There’s already been a lot written about the persistent tension between operations and security. The security team’s mission is protecting the business from malicious activity, and that sometimes means locking systems down. The operations team’s mission is to maximize the business’s ability to do business on their IT systems, including managing software and configurations.
Then, of course, there is the user experience. Have the security tooling and other changes consumed so many system resources that users can’t perform their jobs? Is memory maxed out? Are applications crashing?
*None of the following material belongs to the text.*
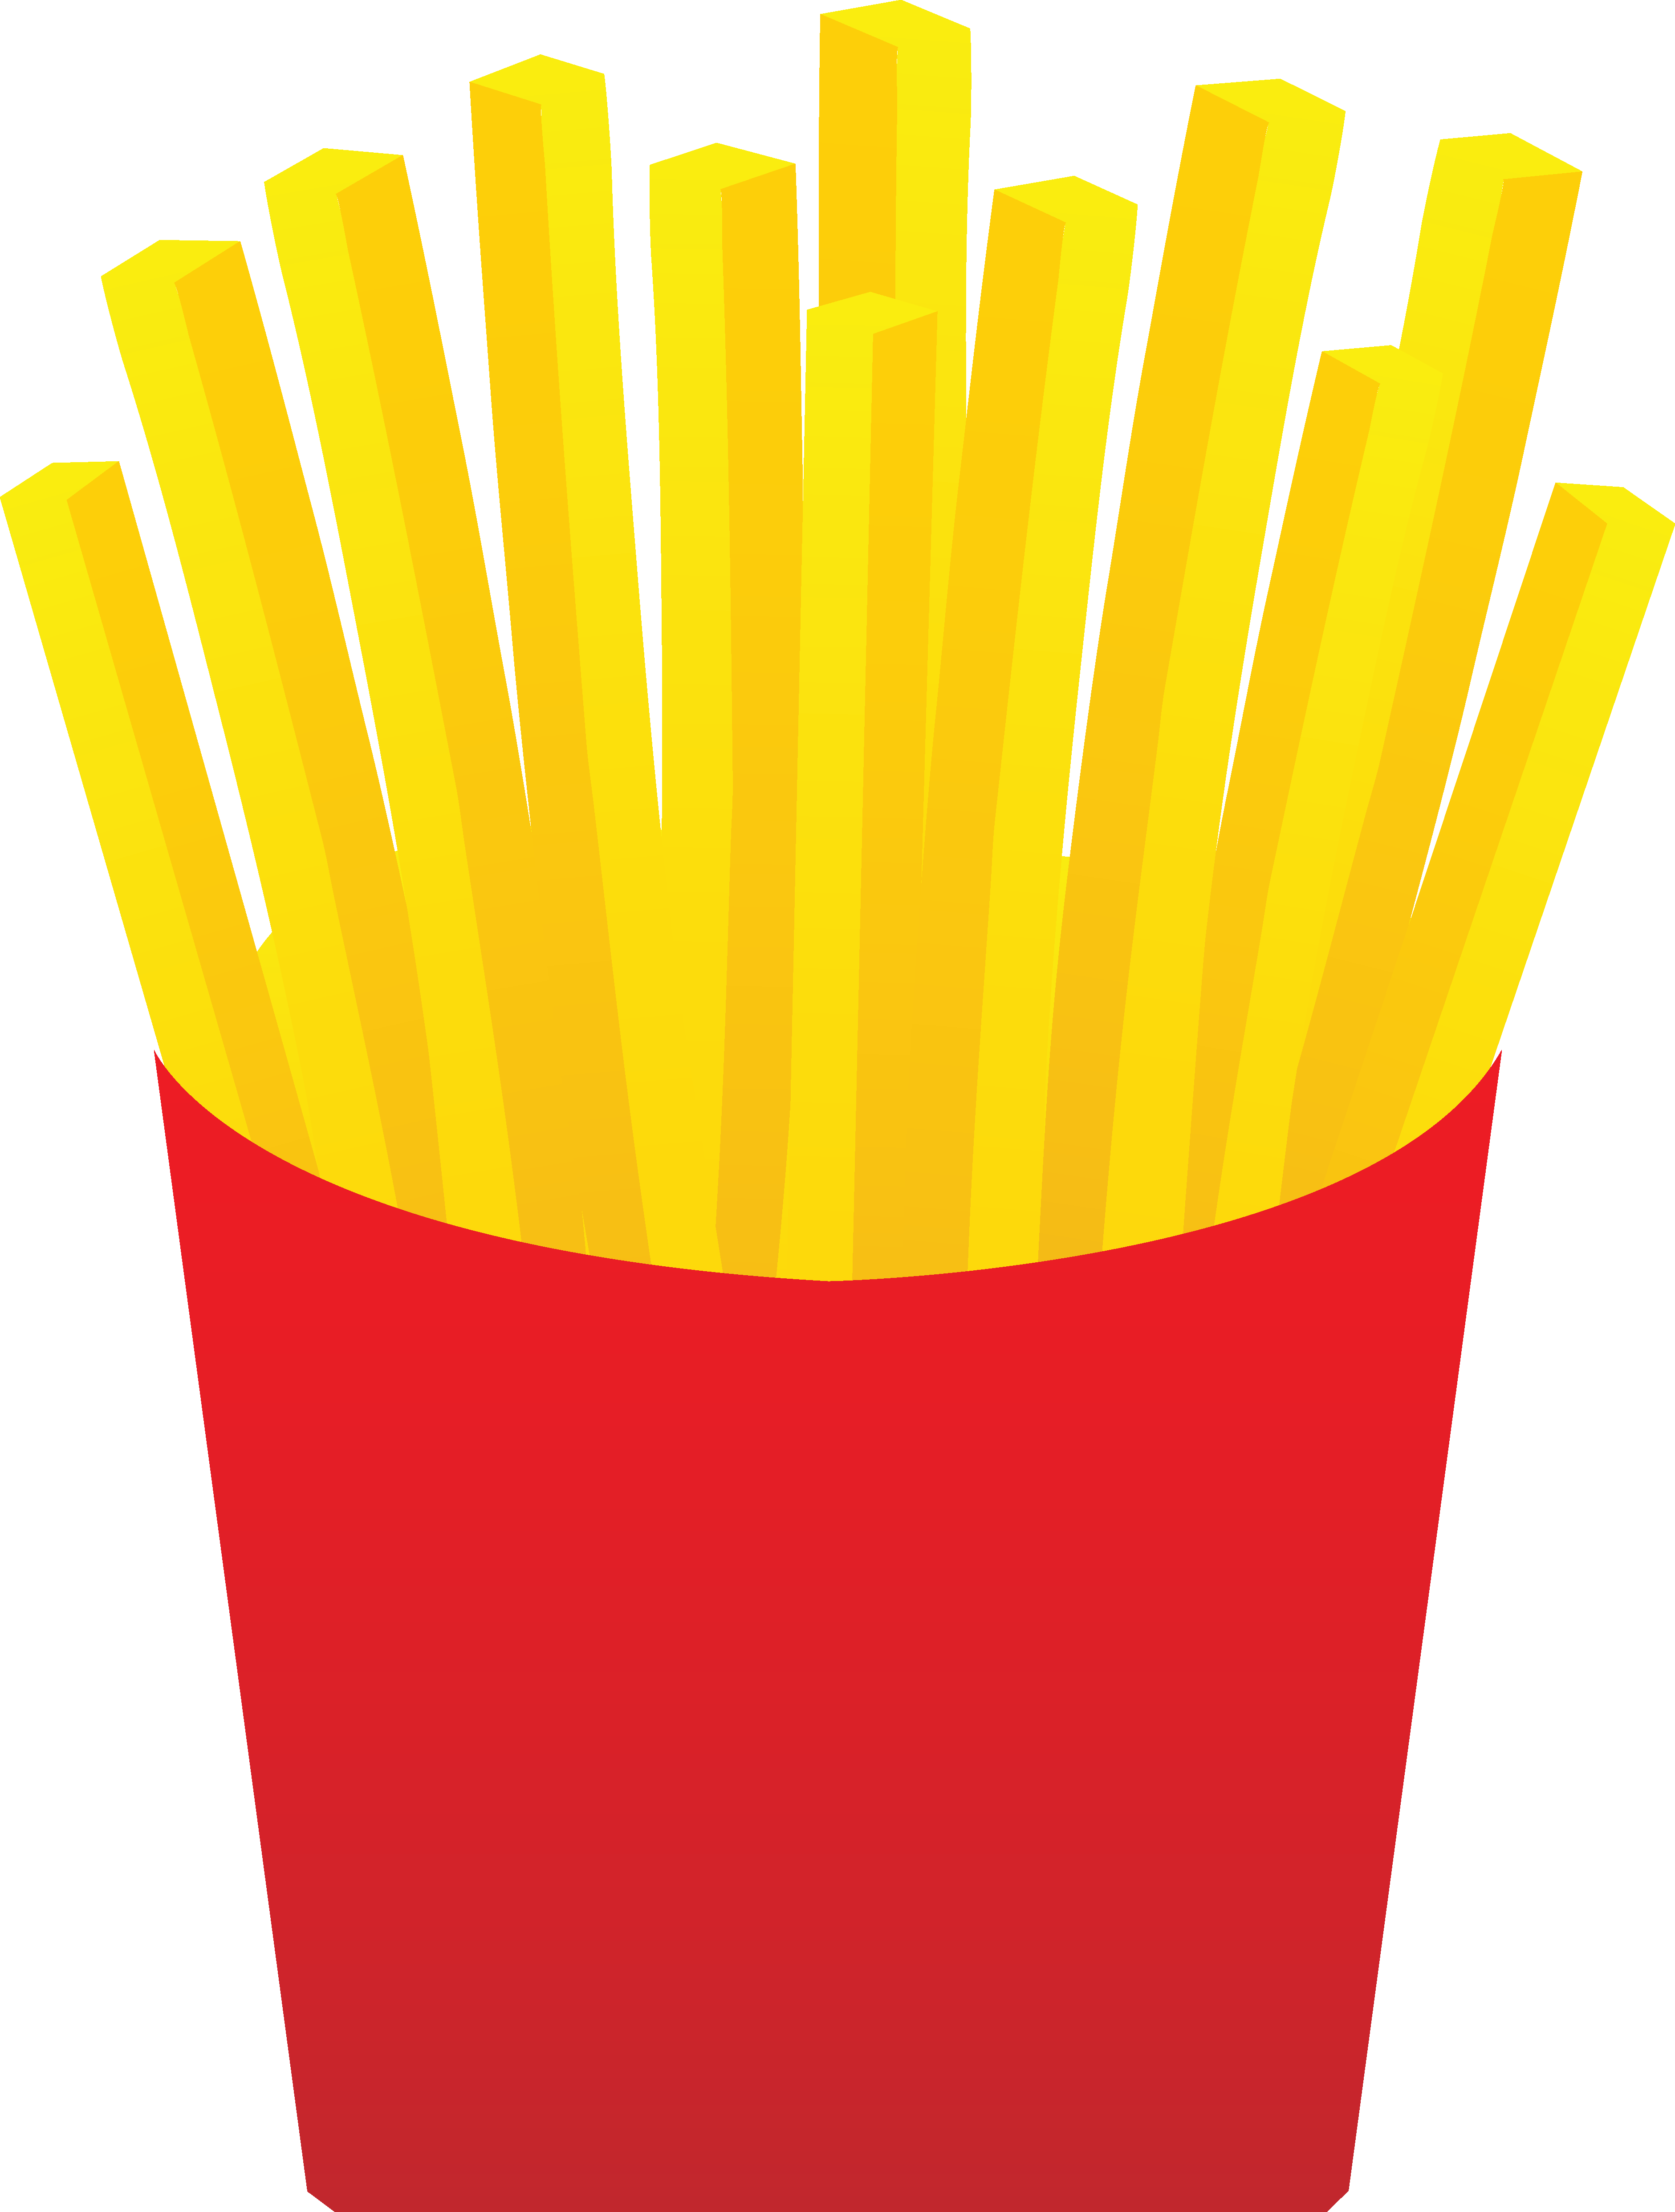 Cartoon French Fries - Cliparts.co

You need to have a way to measure user experience to answer these questions.
Tracking user experience
When something breaks, how do you know? Change control is great but you need a way to measure the impact of changes that have been made. Let’s say you’ve closed 10 vulnerabilities on your endpoints. Are your applications crashing? Have your systems started using more resources? Do you have more systems running at 100-percent CPU usage than you did before? Because a system with no resources means there is an employee that’s being prevented from doing their job.
This is where you need analytics. You can’t depend solely on users for timely, reliable information.
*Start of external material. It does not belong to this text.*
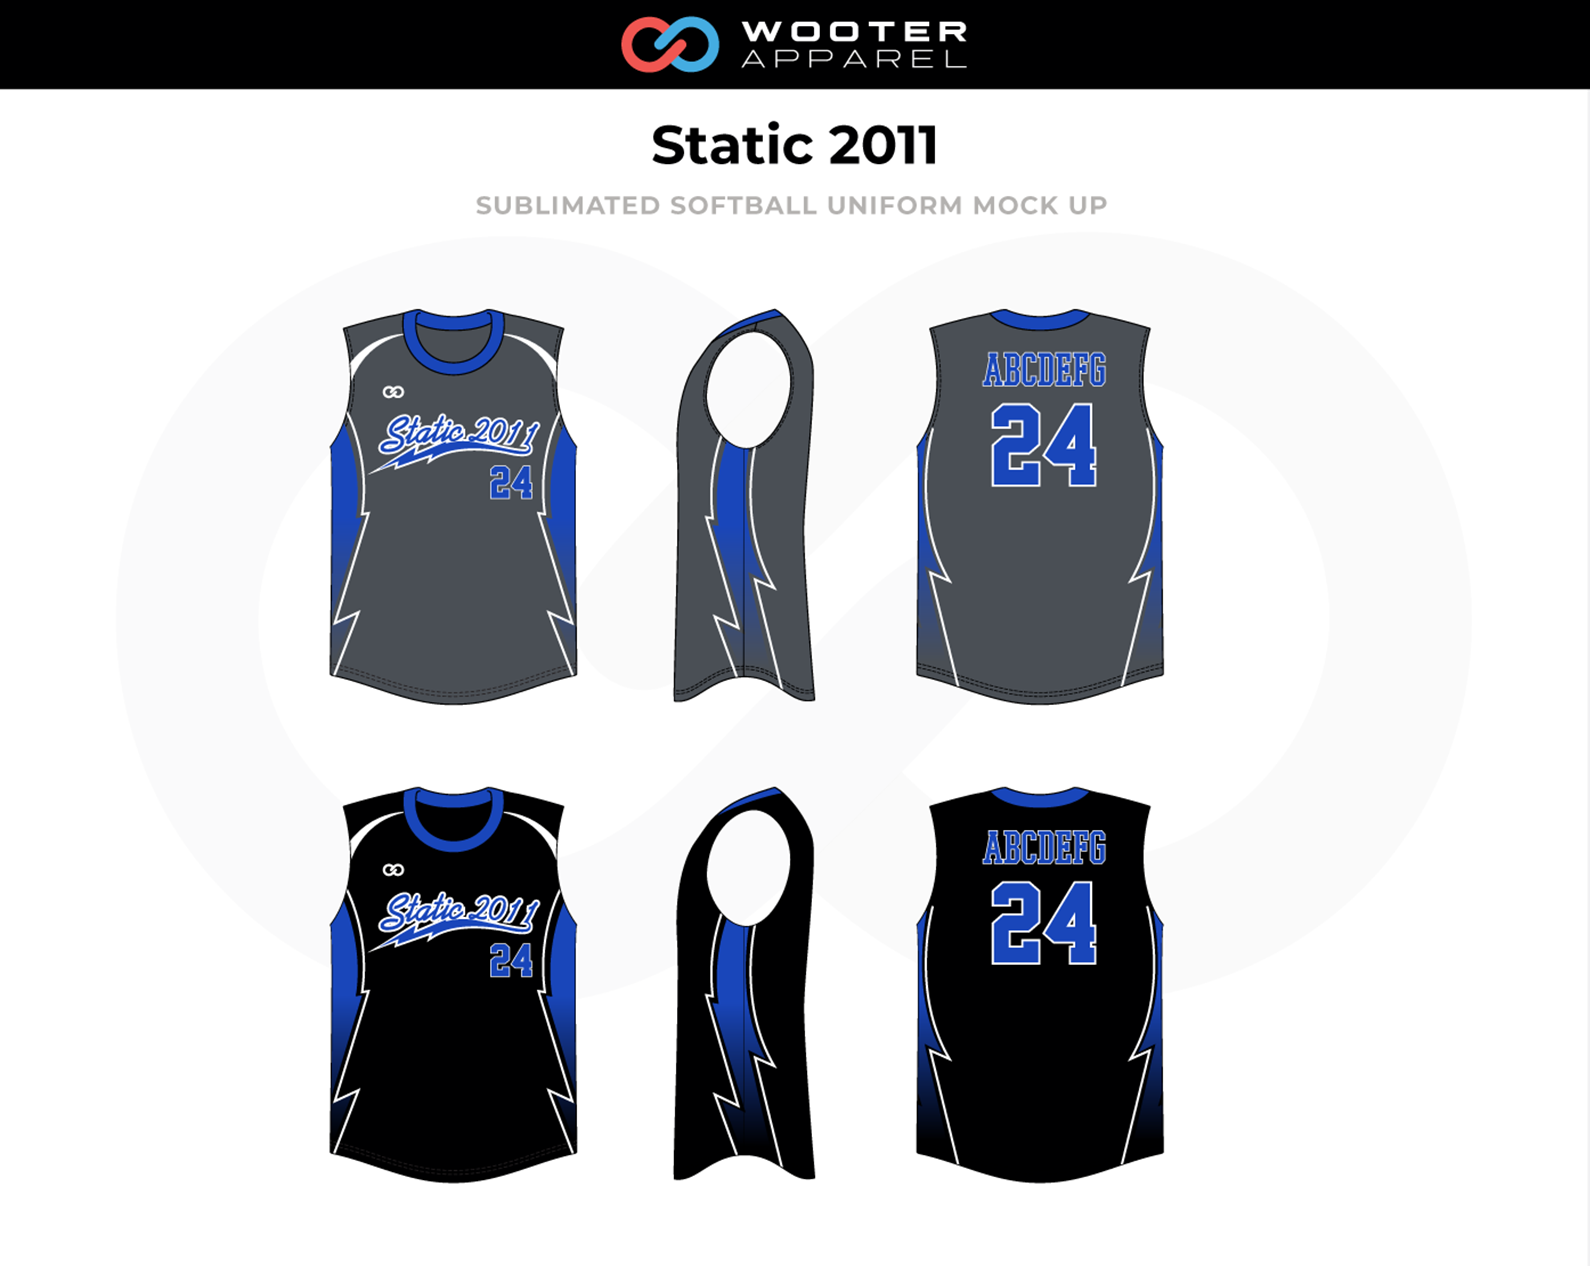 Static-2011-Sublimated-Sleevless-Softball-Uniofrm_v1_2018.png

Analytics and the user experience
To take some of the burden off the service desk, many large organizations simply give all users admin rights. They resort to that because they don’t have a way to identify systems ahead of time that will generate problems.
They don’t have any way to measure resource utilization, which is done regularly on servers but not on user devices. So, they have no clue what the user experience is. They have no data except, “Has anybody opened a ticket?”
Performance metrics are a subset of IT analytics and they’re critical. When the security team wants to install more agents, operations can show that user systems are already running at 75% of maximum capacity. Add those new tools and users won’t be able to work. Those are the analytics that support business decisions.
Cyber hygiene and analytics for the C-level
When it comes to cyber hygiene, the primary question of C-level executives is “Can my users do their jobs?” Many IT decisions are based on the risk of IT systems getting in the way of employees being able to work. But making those decisions without supporting data leads to trouble.
This is where executive-level dashboards can make a huge difference. Easily consumable metrics can help execs figure out at a glance where to draw the line between security and operational risk.
For example, if a key indicator shows that 20% of organizational systems are missing critical patches that’s normally cause for concern. However, if the dashboard shows that last month the figure was 50%, the trend is at least headed in the right direction. That’s certainly something to keep an eye on month over month to ensure the trend continues improving.
At the same time, if a system’s performance monitoring indicator displays “green,” indicating minimal outages, that’s all the executive needs to know that risk has been reduced this month while ensuring solid system performance.
Here are three key indicators an executive dashboard might include:
Percentage of systems with baseline security tooling
Percentage of systems vulnerable to missing patches
Percentage of systems performing above or below a defined performance threshold — CPU, RAM, disc utilization, etc.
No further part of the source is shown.